I’m a comedian first. I’ve learned how to act. I just draw on life experiences and that’s how I’ve learned. I didn’t take classes or anything. I don’t need no classroom.
There’s a lot more to me than just funny.
I never saw myself not being a stand-up. That was my plan.
I tell my boys not to play rough with their younger sister. I try to teach them what I know already: You’re never going to win an argument with a girl, so just let her have what she wants!
I don’t rehearse on either of my shows, ‘Family Feud’ or my talk show. I never rehearse with the guests. I don’t want to have any preconceived thoughts, notions, because that kills my creativity as a host and as a stand up.
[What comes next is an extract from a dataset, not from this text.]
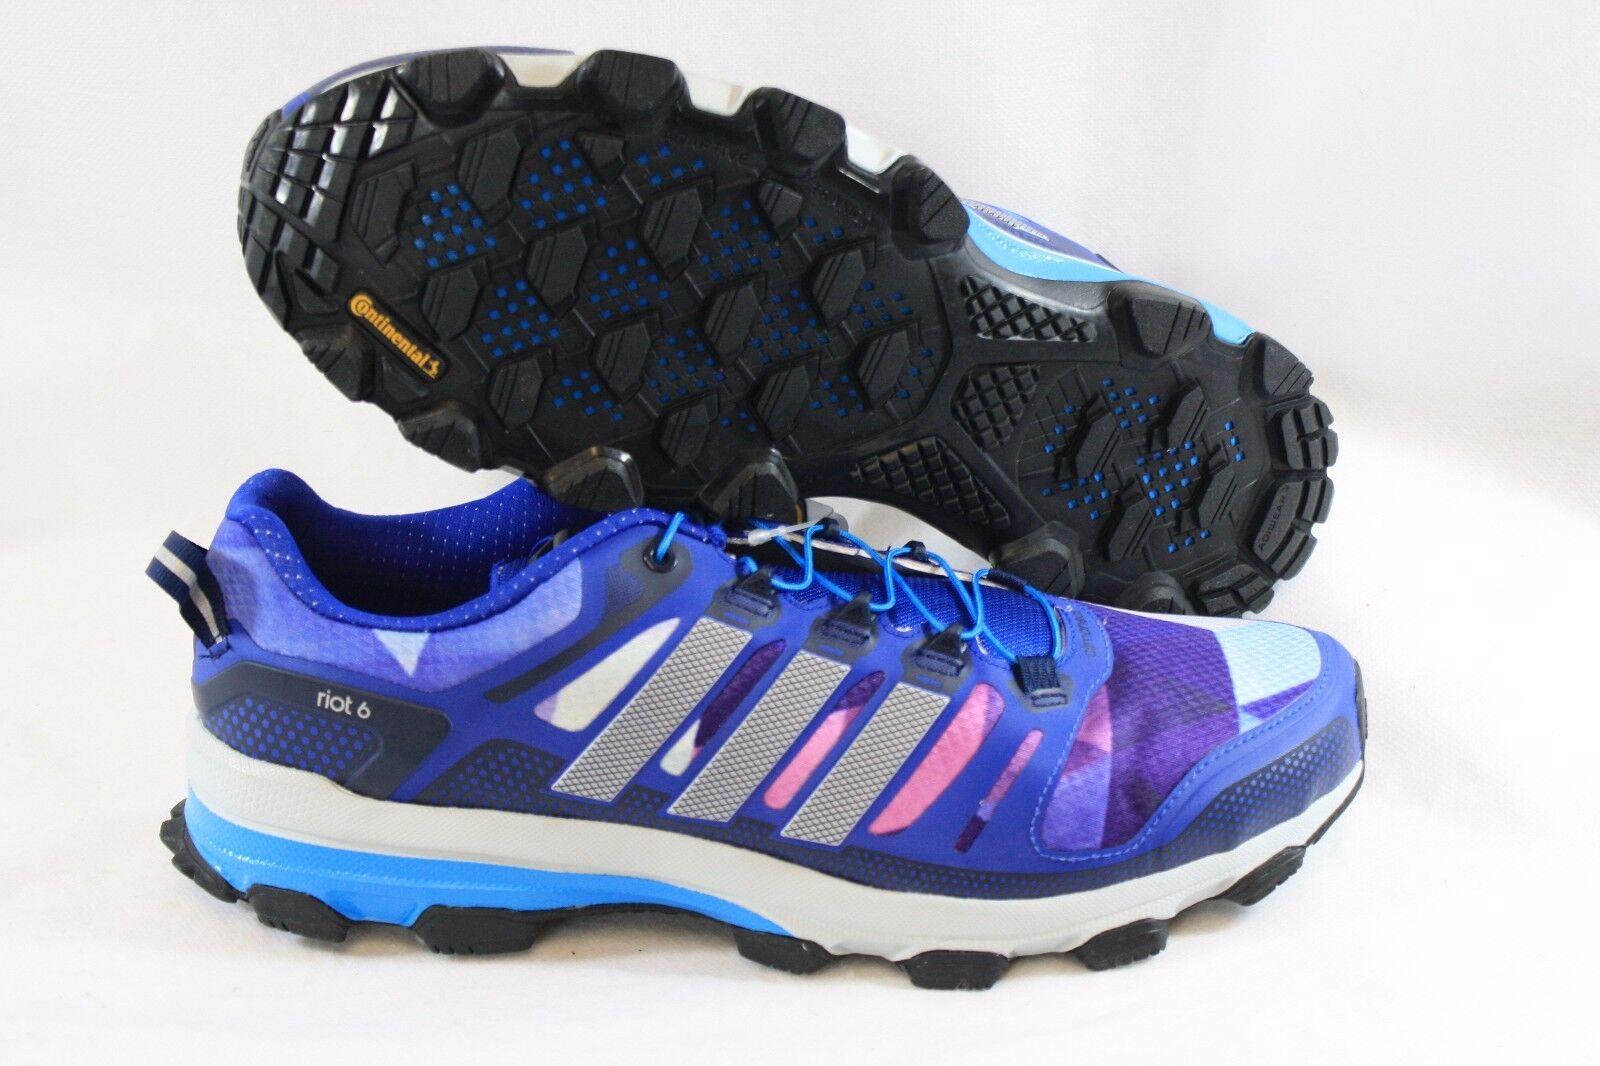 NEW Uomo Sz 9 ADIDAS Supernova Riot 6 B26545 Blue Purple Running  Shoes

Ask any guy if sex is important in a relationship and the one who says no is lying. I just haven’t met that guy yet. When you meet him, let’s get him in to the Smithsonian – he’s that special and rare.
Hip-hop is a beautiful thing. I think that the music genre itself has created more millionaires than any other music genre before it, especially in our community.
Other than my foundation – mentoring programs – everything I do is for money.
My father instilled in me to take care of my family. Show up even when you don’t want to show up.
The Lord saved my soul.
How can smart women be so stupid about men sometimes? Lack of knowledge. It’s what men have kept secret for so long.
To be No. 1 on the ‘New York Times’ best-seller list, well, that’s alarming. Having been a stand-up comedian, I think it’s surprising to a lot of people that I had the insight I had.
I don’t have much of an attention span for TV – I nod off during the basketball playoffs – but when I watch ‘Game of Thrones’ on On Demand, I’m glued to the set. It’s mystical and addictive. Tyrion Lannister, that’s my man.
My mother was a Sunday school teacher. So I am a byproduct of prayer. My mom just kept on praying for her son.
You’ve got to quit lowering your standards. Set your requirements up front so when a guy hooks you, he has to know this is business.
I tell people I’m a stand-up comedian two hours a week. The rest of the time, I’m somebody’s husband, I’m somebody’s father. I’m a man. I take great pride in that.
If I were an animal, I’d probably be a bald eagle, since I’m already bald and I love to fish. But I’d probably be a shaky-ass eagle because I’m afraid of flying.
If you don’t have a base – you can’t not have a spiritual base and survive. That’s probably what has kept me out of the tabloids. Then I go home, I’ve got a family, and I keep my wife in front of my head.